Positive semidefinite versus all the eigenvalues having non-negative real parts

Question

1. Suppose matrix $A$ with all its eigenvalues having non-negative real parts, can we get that $x^TAx\geq0$ holds for any vector $x$?

2. Suppose matrix $A$ is positive semidefinite, $B$ is a positive definite diagonal matrix with the same dimension as $A$. Do all the eigenvalues of $AB$ have nonnegative real parts?

Answer 1

In terms of the second question, this is true.

Since $B$ is a diagonal positive definite matrix, $B^{\frac{1}{2}}$ is invertible.
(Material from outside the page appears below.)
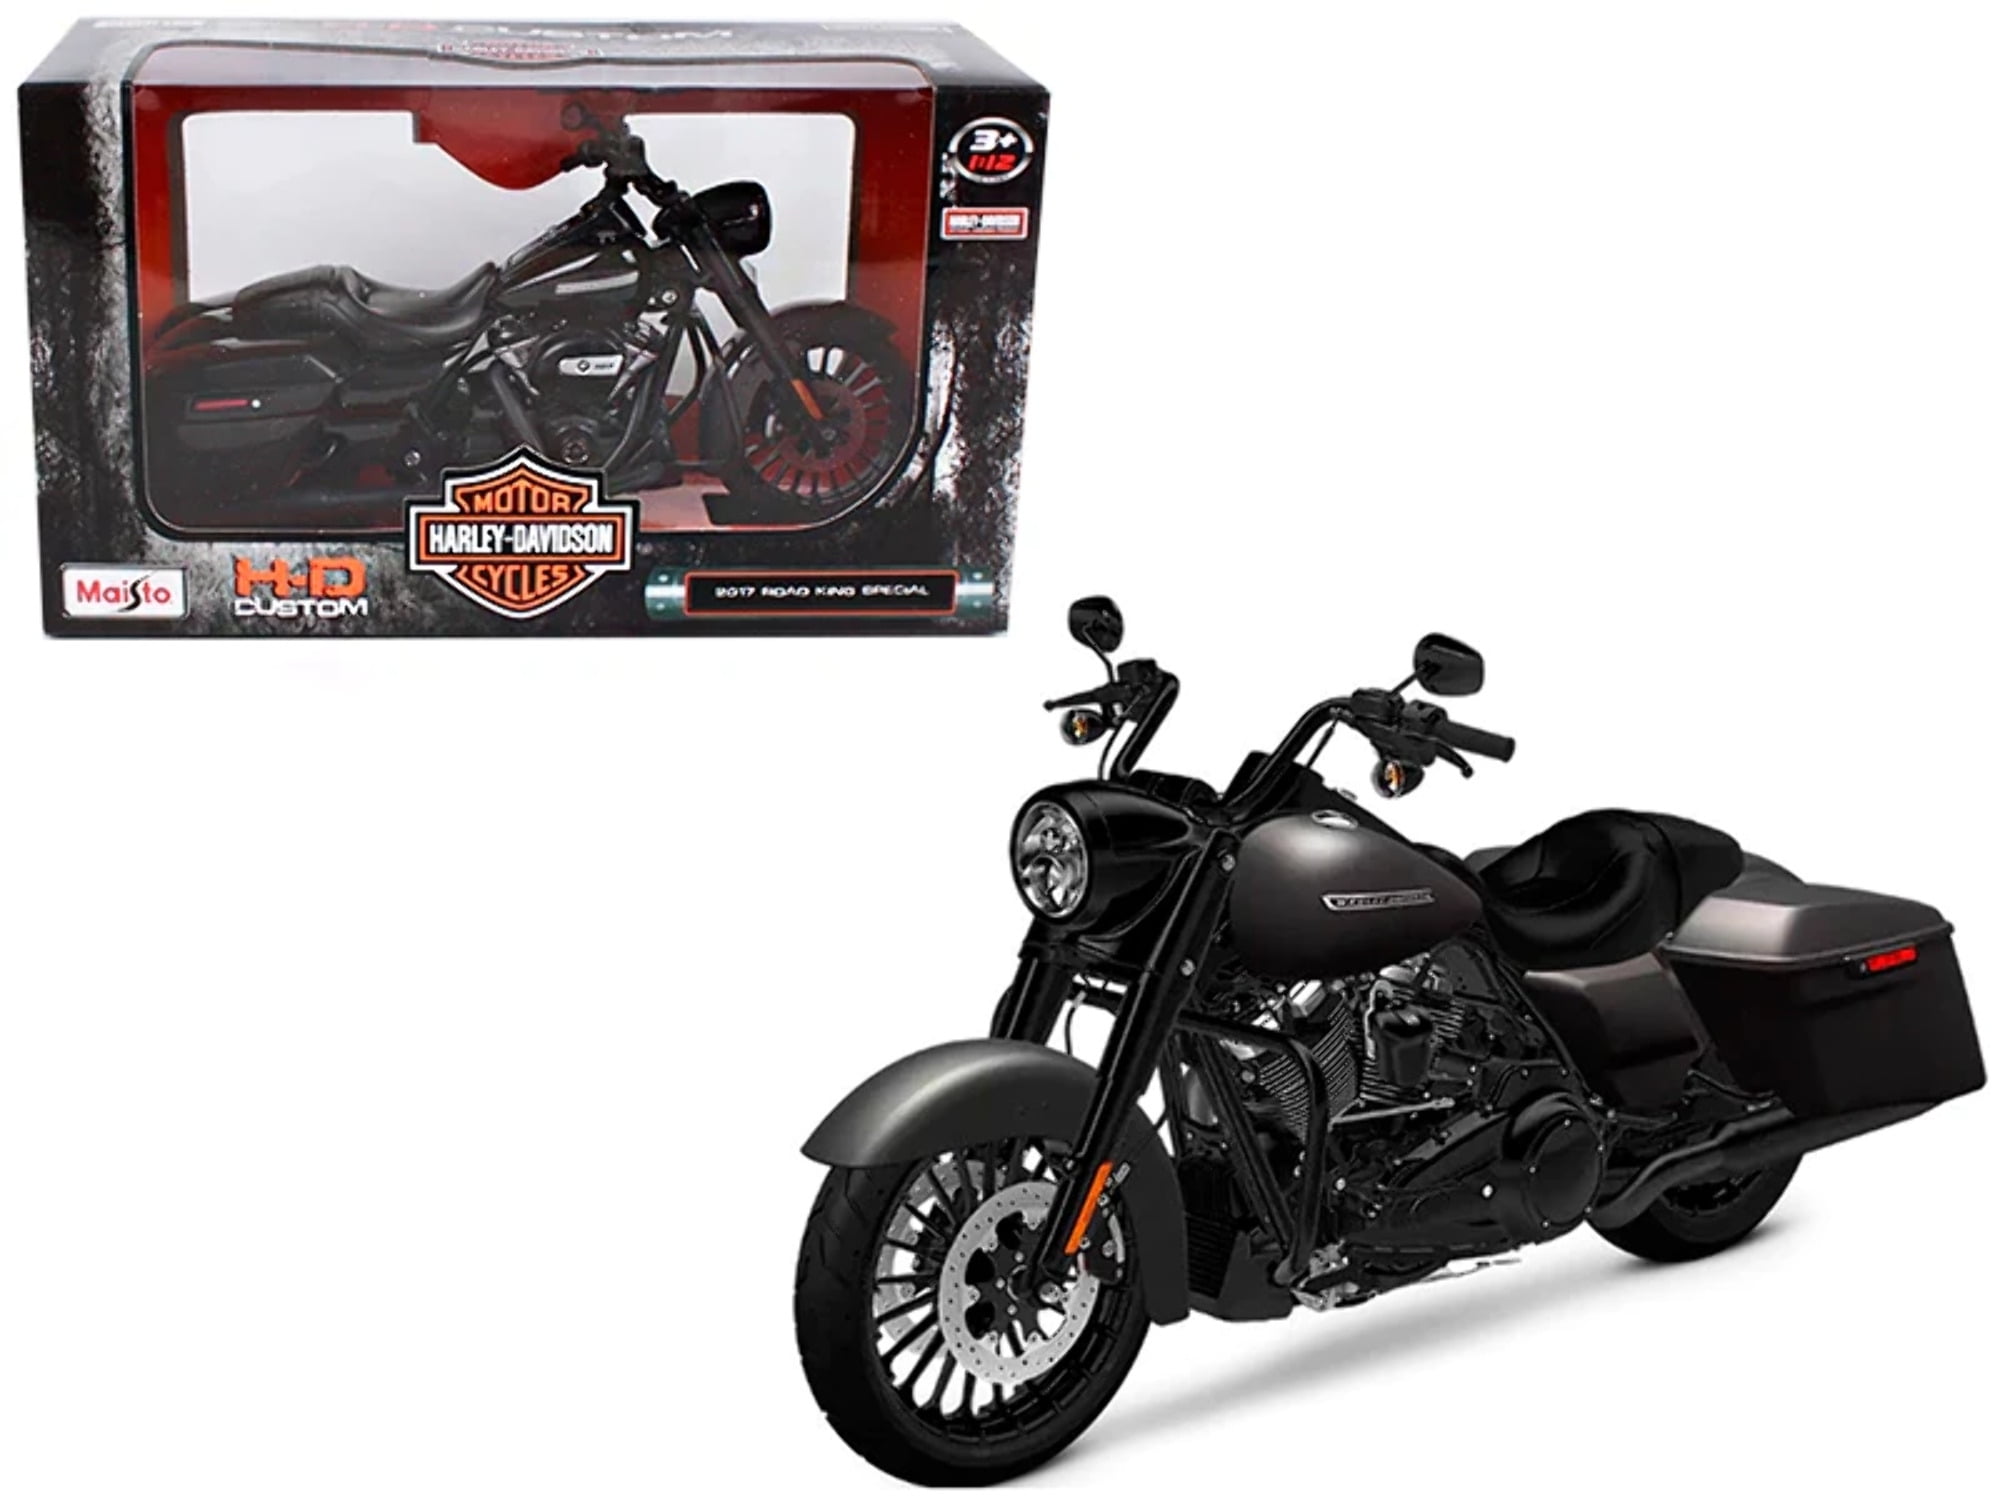 Maisto 32336 1 Isto 12 2017 Harley Davidson King Road Special Motorcycle Model, Black

Then $B^{\frac{1}{2}}ABB^{-\frac{1}{2}}=B^{\frac{1}{2}}AB^{\frac{1}{2}}=(B^T)^{\frac{1}{2}}AB^{\frac{1}{2}}$, which is positive semi-definite.

Therefore, all the eigenvalues of $AB$ have non-negative real parts.

Answer 2

For your first question, the answer is negative. A counter-examples is as follows.

Consider $A = \begin{bmatrix}1 & -100\\0 & 1\end{bmatrix}$ which has two non-negative real parts, but we have $x^{\mathrm T}Ax = -98$ when $x = \begin{bmatrix}1\\1\end{bmatrix}$.